Fiction and nonfiction releases from Marcia Clark, Julian Barnes, Robert D. Putnam and David Campbell, Ron Rosenbaum and Bing West.

Copyright 2024 NPR. To see more, visit https://www.npr.org.

New In Paperback Feb 27-March 4

Guilt By Association

by Marcia Clark

Marcia Clark was a rising legal star in the Los Angeles District Attorney's Office when she was assigned to the O.J. Simpson trial — then called the trial of the century. More than 15 years later, she's still hip-deep in crime — but now as a mystery writer. Her first mystery, Guilt By Association, features Rachel Knight, a rising DA who handles prominent, sensitive and controversial trials. Critics and mystery writers alike say Clark gets the legal procedures right.

Pulse

by Julian Barnes

In British writer Julian Barnes' understated and moving third collection of stories, the main focus is on love and intimacy — how it starts, and what accounts for its endurance or failure to thrive.
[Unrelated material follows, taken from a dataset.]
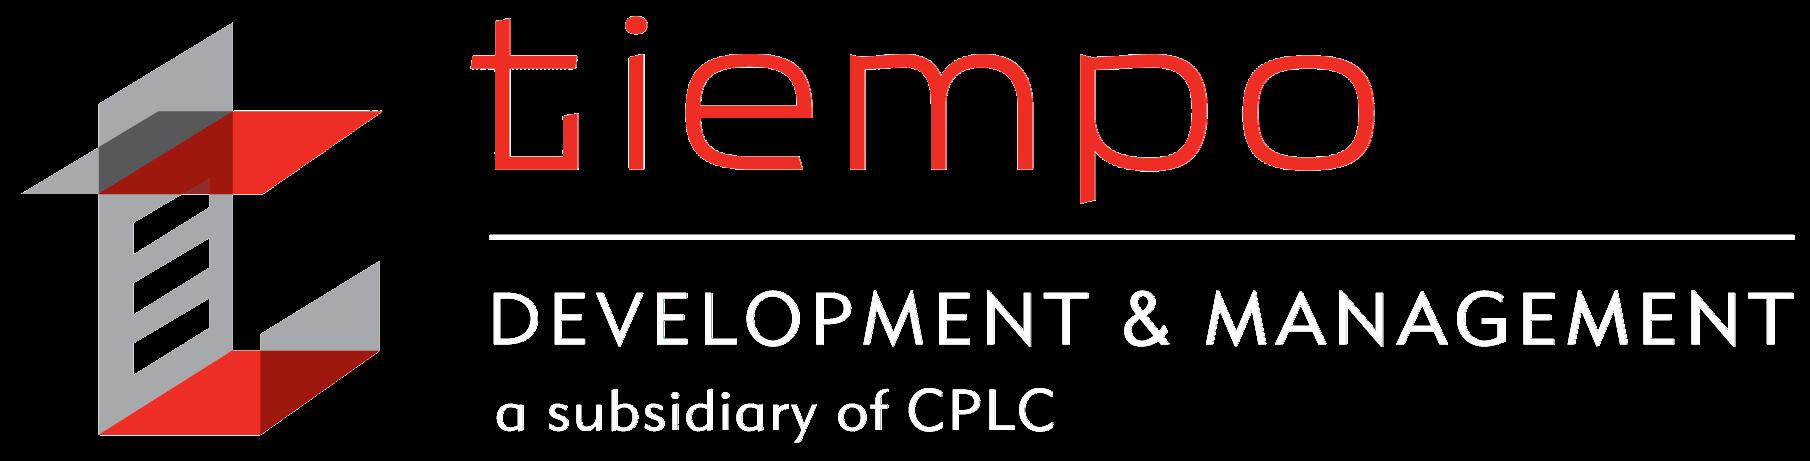 Phoenix Property Logo 14

Many of his characters suffer the loss of one of their five senses, or of a close relationship. Details about American politics, global warming, health care and gender distinctions in talking about love and sex demonstrate that Barnes has his finger on topics that matter.

American Grace

by Robert D. Putnam, David E. Campbell and Shaylyn Romney Garrett

Americans are adjusting their religious views to fit their politics, argues Robert Putnam in American Grace. Since 1990, the number of young people who say they have no religion has skyrocketed to about 25 or 30 percent, from roughly 5 percent in earlier decades. For many who came of age in the 1980s and '90s, religion seemed to be mostly about sexual morality and, as they saw it, intolerance and homophobia. Another huge factor is that more marriages cross once-rigid religious lines, which has helped build the unity that the authors also found along religious lines.

How The End Begins

by Ron Rosenbaum

During the Cold War, many people around the world lived in daily fear of a nuclear holocaust. But just two decades since the fall of the Berlin Wall, most Americans are more likely to fear an act of terrorism than nuclear annihilation. Ron Rosenbaum, author of How the End Begins, says we forget about the global nuclear threat at our peril. Rosenbaum tells NPR's Neal Conan that after 1991, "we took what's called a holiday from history. ... I wrote the book as a warning that we need to address these questions that we've left behind with the Cold War."

The Wrong War

by Bing West

Marine veteran and Atlantic correspondent Bing West also served as assistant secretary of defense in the Reagan administration. In The Wrong War, he charges that after a decade of war, the U.S. military failed its assigned missions of protecting village populations and nation-building, based on his trips to Afghanistan during the Obama administration's counterinsurgency strategy. Even with continued training for Afghan forces, he predicts, the military situation will remain perilous as long as Pakistan provides shelter to the Taliban and other terrorist organizations.